Finally Eq. (1.7) properly refers to the  I configuration case.
 In general one should write
\begin{equation}
V_{\rm sd}^{\rm LR}= - \sum_{j=1}^3 {1 \over 2 m_j^2}
 {\bf S}_j \cdot {\bf \nabla}_{(j)} V_{\rm stat}^{\rm LR} \times
 {\bf p}_j \> .
\end{equation}
In comparing (1.10) with (1.7) one should keep in mind that the
partial derivatives in ${\bf z}_M$ of
$V_{\rm stat}^{\rm LR}$ vanish due to the definition of $M$.

We observe that
the short range part in Eqs. (1.6)-(1.8) is of a pure two body
type: it is identical to the electromagnetic
 potential among three equal charged
particles but for the colour group factor $2/3$ and
it is well known. Even the static
confining potential in Eq. (1.6) is known [7,1,3].
 The long range part of
Eq. (1.7) coincides with the expression obtained by Ford [8] starting
from the assumption of a purely scalar Salpeter potential of the form
\begin{equation}
 \sigma \, (r_1 + r_2 + r_3) \, {\beta}_1 {\beta}_2 {\beta}_3 \> ,
\end{equation}
but at our knowledge it has not been obtained consistently in a
Wilson loop context before.
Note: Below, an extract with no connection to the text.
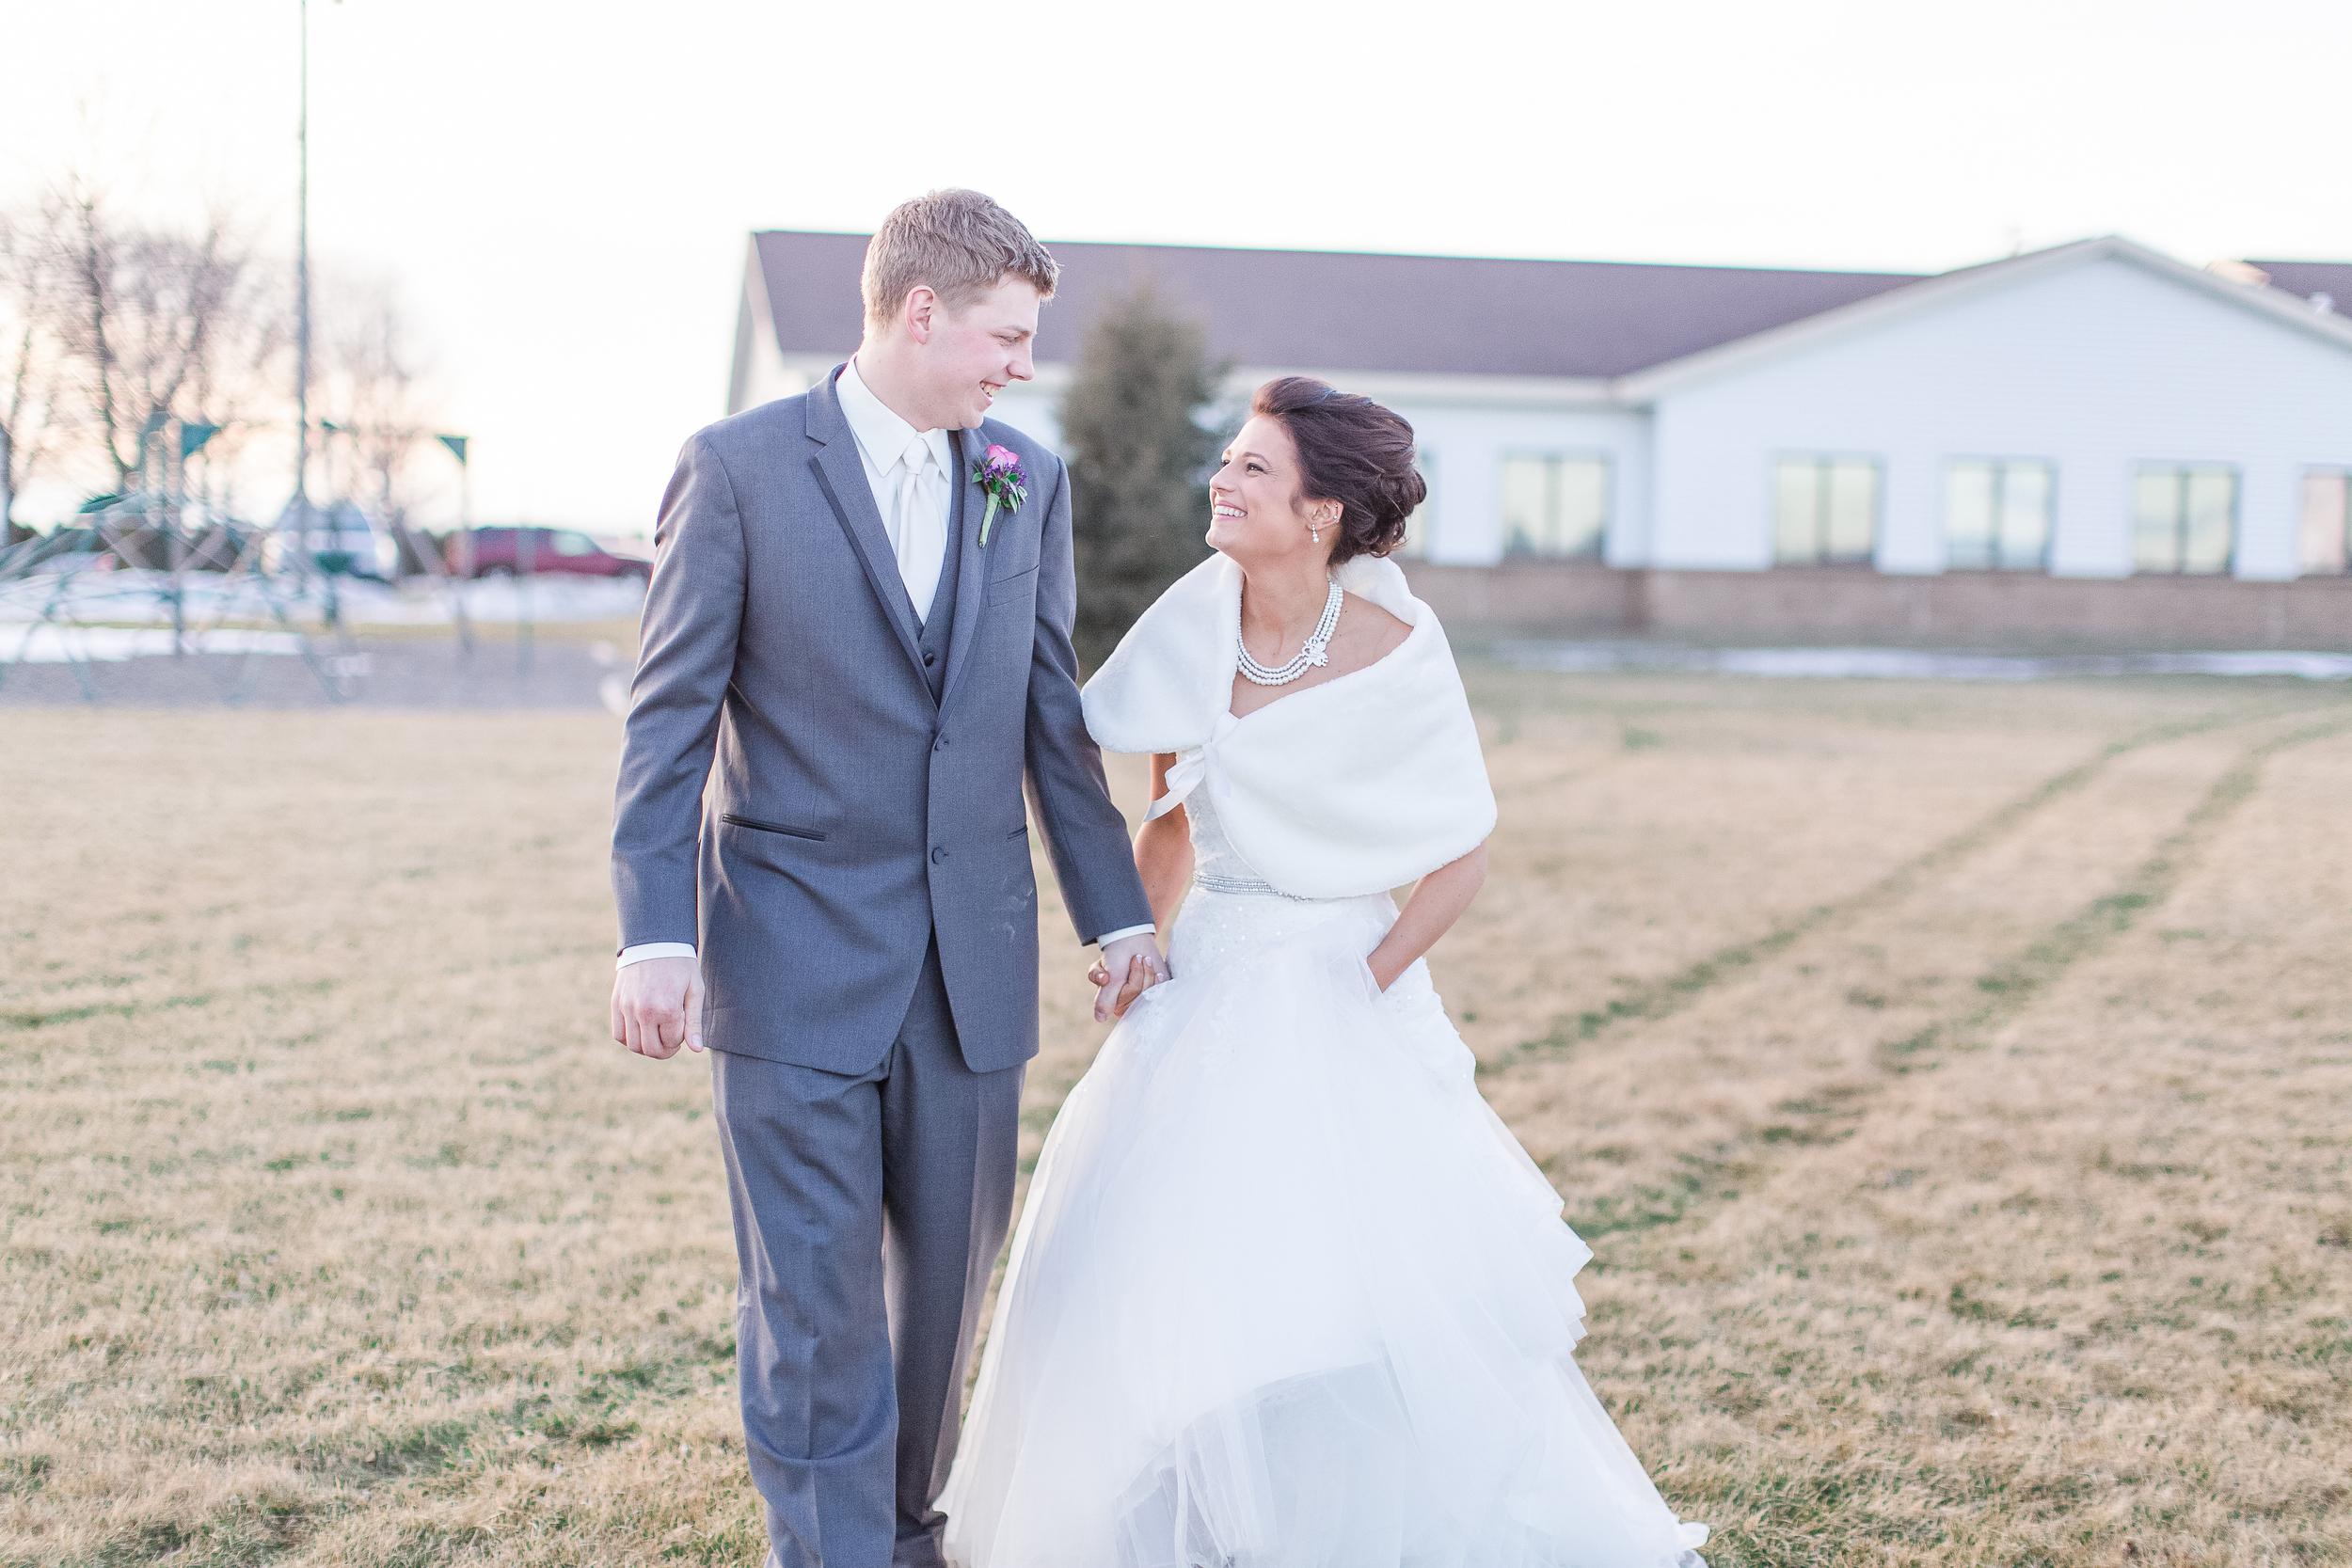 #brideandgroom #mnwedding #winterwedding

Eq. (1.8) is new. It should  be stressed that
(1.11) corresponds to the usual assumption of scalar confinement for the
quark-antiquark system. As well known from this assumption $V_{\rm
stat}^{q\overline{q}}$ and $V_{\rm sd}^{q\overline{q}}$ result identical
to (1.2) and (1.3), but $V_{\rm vd}^{q\overline{q}}$ turns out
different from (1.4).


The important point concerning Eqs. (1.1)-(1.8) and (1.10)
is that they follow from
rather reasonable assumptions on the behaviour  of two well
 known QCD objects, $W_{q \bar{q}}$ and $W_{3q}$, related to
 the appropriate (distorted) quark-antiquark and three-quark
 ``Wilson loops'' respectively. \par

For the $q\overline{q}$ case the basic object is
 \begin{equation}
W_{q\overline{q}} = \frac{1}{3} \left\langle {\rm Tr \, P}
 \exp \left( ig \oint_{\Gamma} dx^{\mu} \,
 A_{\mu}(x) \right) \right\rangle \> .
\end{equation}
Here the integration loop $\Gamma$ is assumed to be made by a world line
$\Gamma_1$ between an
initial position ${\bf y}_1$ at the time $ t_{\rm i} $ and a final one ${\bf
x}_1$ at the time
  $ t_{\rm f} $  for the quark ($t_{\rm i} < t_{\rm f}$), a similar world
line $\Gamma_2$ described
 in the reverse direction from ${\bf x}_2$ at the time $t_{\rm f}$
to ${\bf y}_2$ at the time $t_{\rm i}$ for the antiquark and two straight lines
at fixed times which  connect ${\bf x}_1$ to ${\bf x}_2$, ${\bf y}_2$
to ${\bf y}_1$ and close
the contour (Fig. 2). As usual $ A_{\mu} (x) =
\frac{1}{2} {\lambda}_ {a} A_{\mu} ^{a} (x) $,
  P prescribes the ordering
of the color matrices (from right to left) according to the direction fixed
on the loop and the angular brackets denote
 the functional integration
on the gauge fields.

The quantity $ i  \ln W_{q\overline{q}} $ is
written as the sum of a short range
 contribution (SR) and of a long range one (LR):
 $i\ln W_{q\overline{q}}=i\ln W_{q\overline{q}}^{{\rm
SR}} + i\ln W_{q\overline{q}}^{{\rm LR}}$. Then it is assumed that
the first term is given by the ordinary
perturbation theory, that is at the lowest
order
\begin{equation}
 i  \ln W^{{\rm SR}}_{q\overline{q}} =
 \frac{4}{3} g^2 \int_{\Gamma_1}dx^{\mu}_1
 \int_{\Gamma_2} dx^{\nu}_2 iD_{\mu \nu} (x_1-x_2)
\end{equation}
($ D_{\mu \nu} $ being the usual gluon propagator
 and ${\alpha_{s}}=g^2/4\pi$ the strong
interaction constant) and the second term by the so called ``area
law''
[9,1,4]
\begin{equation}
i \ln W^{{\rm LR}}_{q\overline{q}} = {\sigma} S_{\min} \> ,
\end{equation}
where $ S_{\min} $ denotes the minimal
 surface enclosed by the loop (${\sigma}$
is the string tension). Obviously Eq. (1.13) is justified by asymptotic
freedom,
Eq. (1.14) is suggested by  lattice theory, numerical simulation,
string models and other types of arguments.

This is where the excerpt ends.